Stephen Frears set himself quite a challenge when he adapted Choderlos de Laclos’s Les Liaisons Dangereuses – a novel entirely made of letters. The multiplicity of voices and reconstructed chronology that makes the epistolary genre so unique was bound to get lost on the way. Not to mention the fact that this masterpiece of the French language was to be shot… in English.
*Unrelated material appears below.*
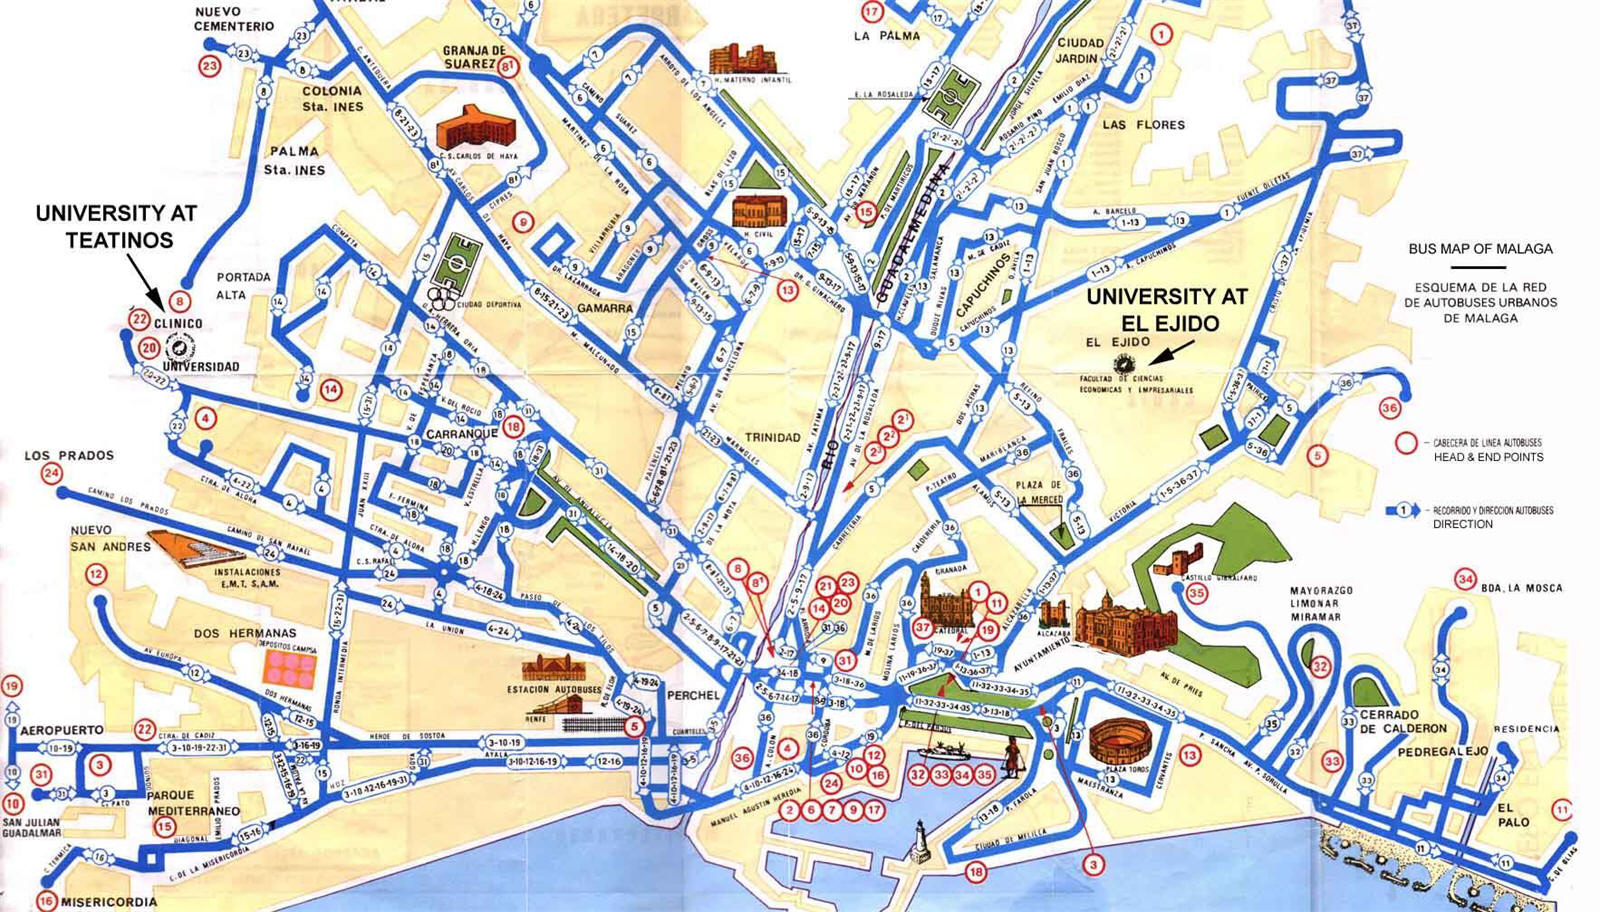 Tourist map of Málaga - Full size | Gifex

Yet Frears manages the difficult translation of book into film, thanks a fine understanding of the work and a very clever direction. The opening scene, showing, in parallel tableaux, Mme de Merteuil and Valmont being dressed “to kill”, like two knights equal in worth putting on their armours, is masterful. The other theme introduced from the beginning is that of the mask. Valmont and Merteuil, who show to the world a face of respectability while acting as ruthless libertine, are filmed as two actors putting the finishing touches to their costumes. The scene is echoed at the end, when Mertheuil’s inner blackness has been revealed by the circulation of her private letters. In an intelligent departure from the book, the marquise, booed when she appears at the theatre, retires, and, in close-up, is seen removing her make up, before the screen turns to black.

The film is helped by the three exceptional performances of Glenn Close, John Malkovich and Michelle Pfeiffer, deeply moving as a virtuous woman fighting a hopeless fight against a love that will ultimately destroy her. Uma Thurman makes a convincing ingénue, soon won over by Valmont’s very particular lessons; Keanu Reeves as naïve Sir Danceny is his usual bland self – which fits the character rather well.

Dangerous Liaisons (US, 1988). A film by Stephen Frears. Starring Glenn Close, John Malkovich, Michelle Pfeiffer, Keanu Reeves and Uma Thurman.